You might consider setting the 'maxLifetime' to a lower value, if that works within your usage model. Also, do you have any logs from your 'InvokeAgentRuntime' attempts? It could help to see if the response is what you expect or if it's hanging until a timeout. Is your agent set up to run asynchronously?
I've found out that there are two key variables for controlling session length: idle timeout and max time. If you adjust these while a session is running, they won't change the ongoing session. It took eight hours for mine to time out naturally, which isn't ideal.
Sounds like it might be an AWS issue. You could try tearing down any lambda warmers manually if those are keeping your instances alive. Also, check if there's session state being cached in your config. Some people find it helpful to run cleanup scripts on a regular basis. If you're considering alternatives, HydraDB has a different approach to session cleanup, though it might take more effort to migrate. It could also be worth reaching out to support since AgentCore is still fairly new.

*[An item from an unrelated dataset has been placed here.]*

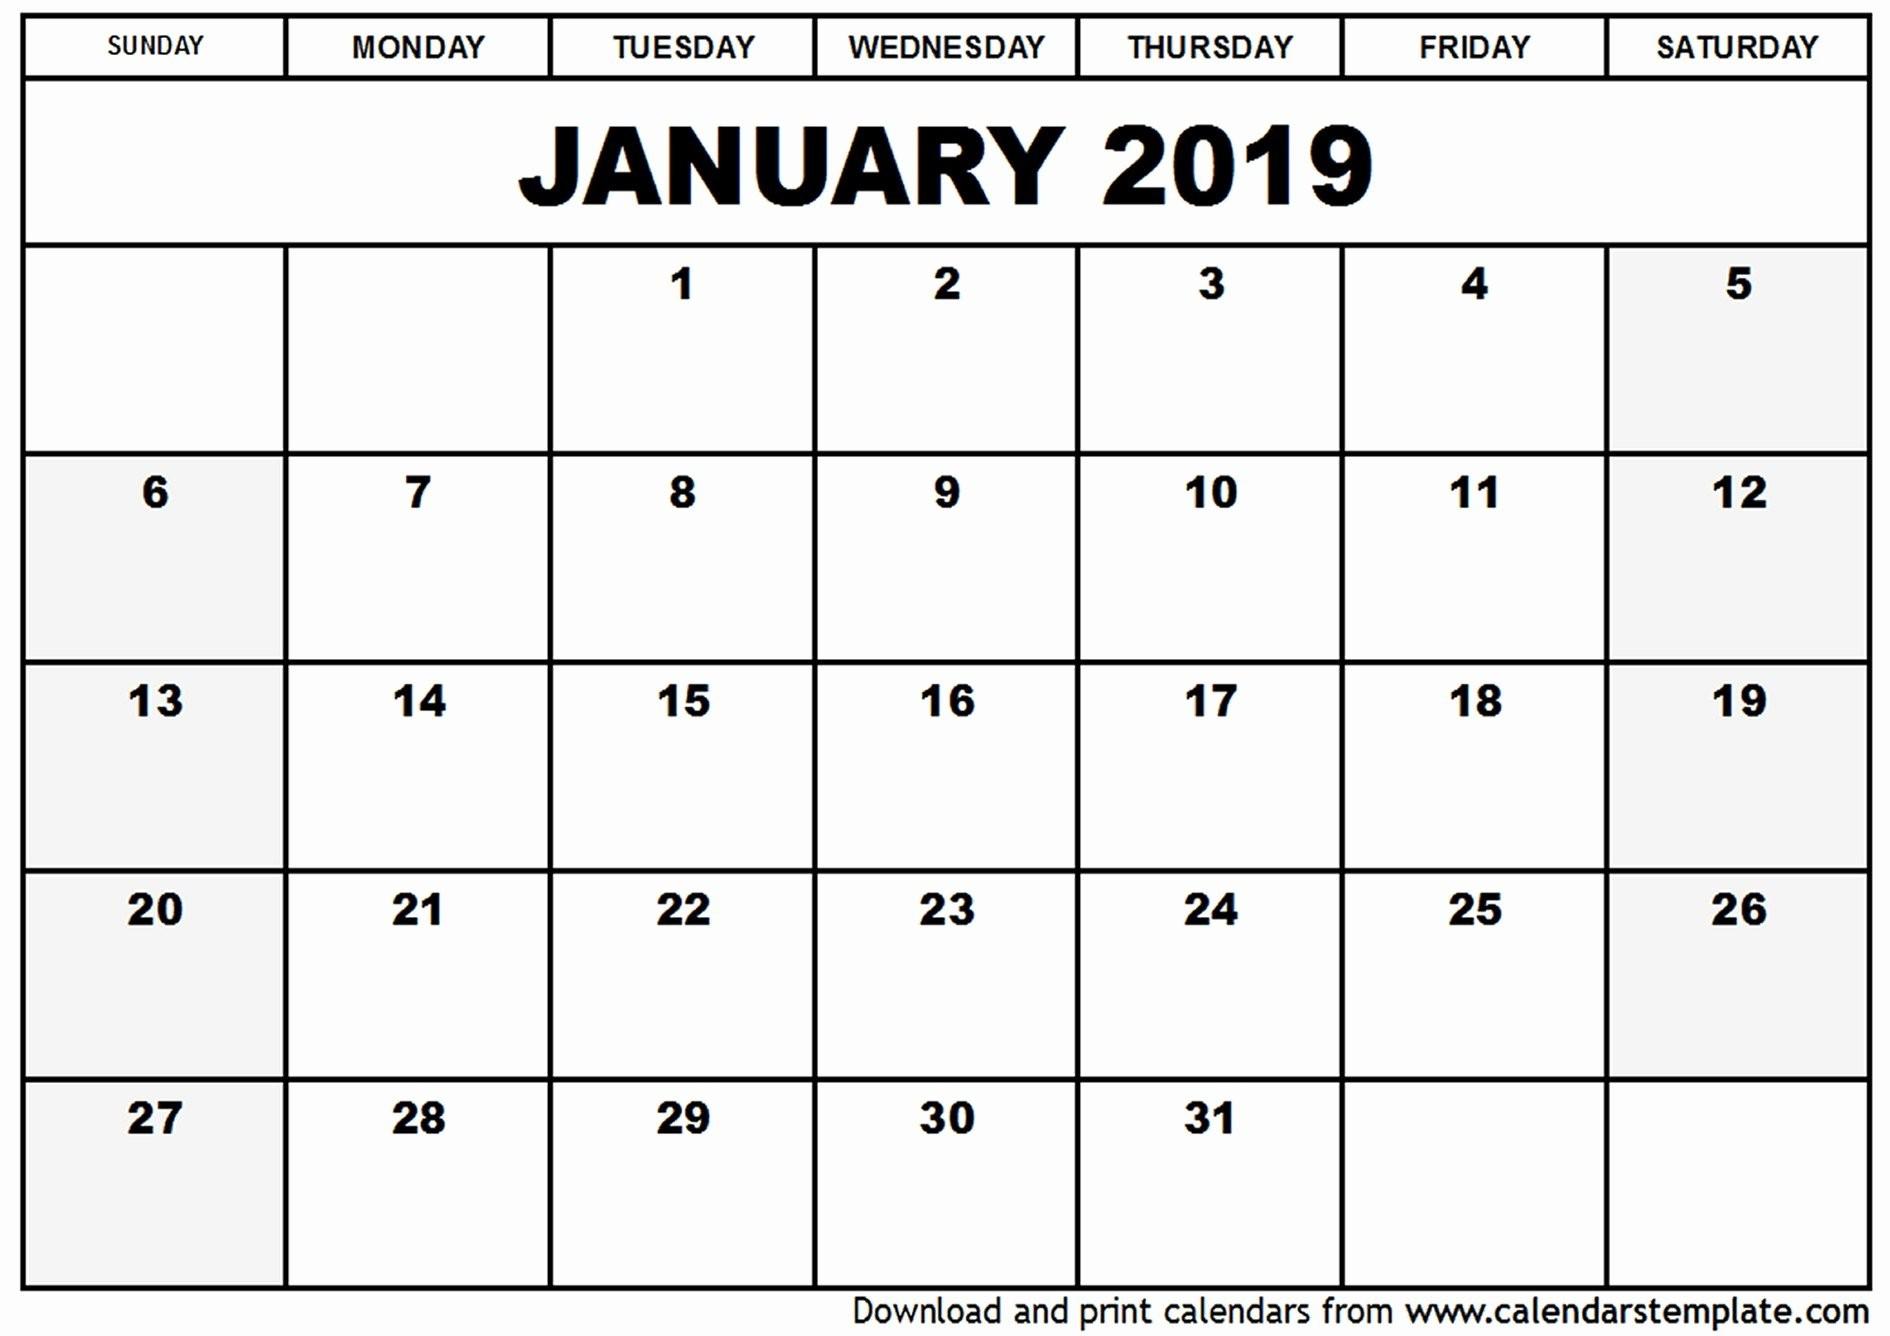 Free Printable Calendar Labs 2019 | Printable Calendar 2020

What do you mean by 'lambda warmers'? Are they related to AgentCore?
Have you waited a bit longer to see if the memory usage goes down eventually? It could be that the runtime is 'warming up' and just holding onto the resources for a bit while it waits for more requests.
If that's the case, it's a bit concerning since it isn't documented. It could definitely add up and cost you more than expected!

Yes, it's tricky. If a session gets stuck and you don't have its ID, there's no way to kill it except waiting. Deleting the runtime doesn’t stop the sessions either.